Castleton SSSI
- Location of Castleton SSSI.
- Area of search: Derbyshire
- Grid reference: SK120820
- Coordinates: 53°20′05″N 1°49′17″W﻿ / ﻿53.334775°N 1.8212606°W
- Area: 2,035.9 acres (8.239 km^{2}; 3.181 sq mi)
- Notification date: 1987

= Castleton SSSI, Derbyshire =

Protected area in Derbyshire, England

Castleton is a Site of Special Scientific Interest (SSSI) in Derbyshire, England within Peak District National Park.
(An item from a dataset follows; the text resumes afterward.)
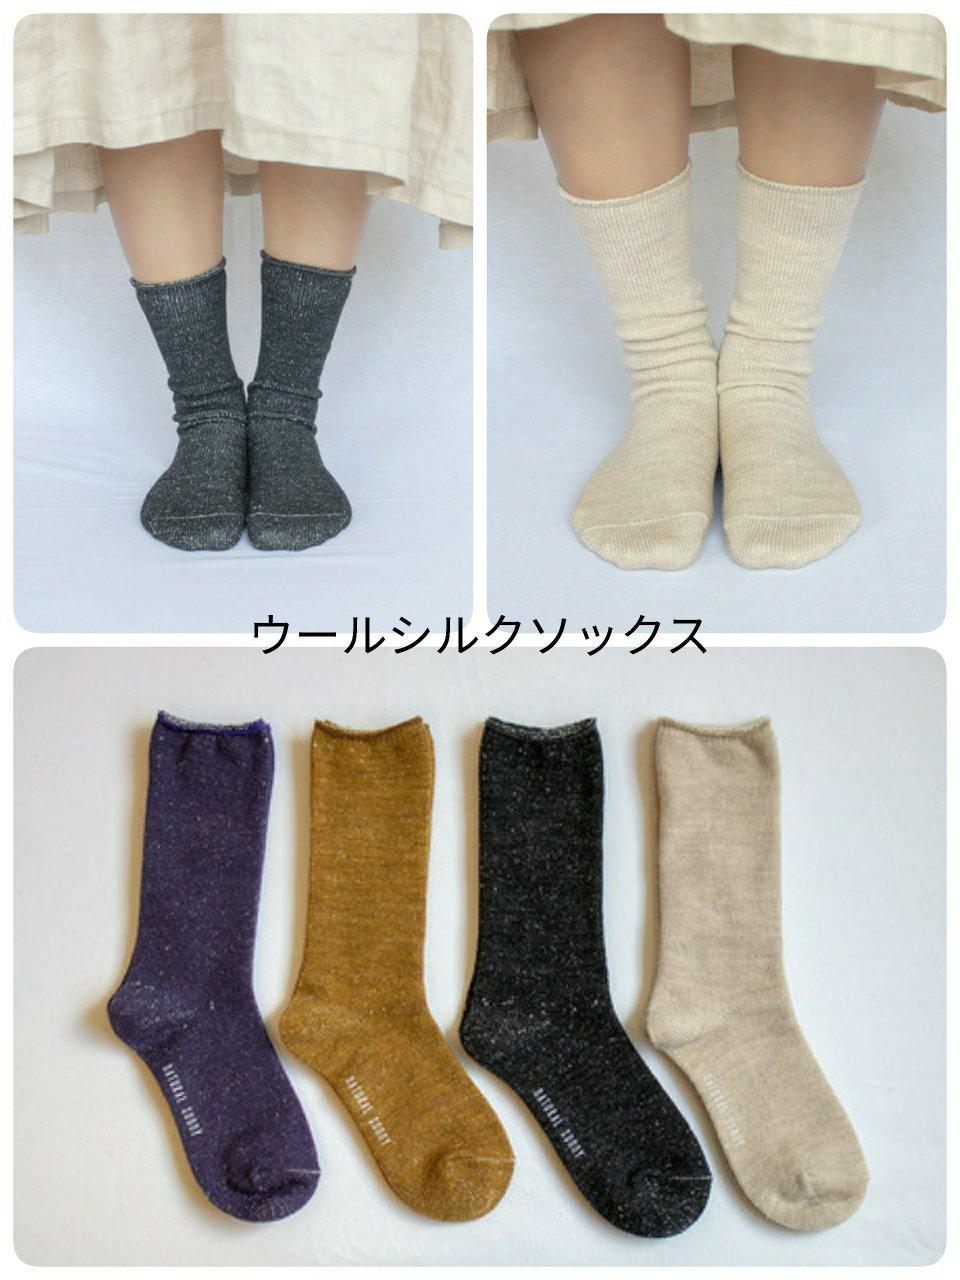 靴下、腹巻き、ネックウォーマー_f0255704_15185391.jpg

It is located between Castleton and Sparrowpit, close to Edale and borders Mam Tor hill. This protected area includes Winnats Pass.

== Geology ==
Castleton SSSI marks the northernmost extent of carboniferous limestone within the Peak District. Underground, the area has important cave systems, including Eldon Hole, located near Eldon Hill. The karst drainage systems connected to this protected area include Peak Cavern, Treak Cliff Cavern and Speedwell Cavern.

== Biology ==
The site has important species-rich limestone grasslands and rock-ledge plant communities. Polemonium caeruleum and Geranium lucidum have been recorded in rock ledge communities around Winnats Pass.

== Land ownership ==
Landowners within the area designated as Castleton SSSI include the Duchy of Lancaster and the Diocese of Derby (via its Diocesan Board of Finance).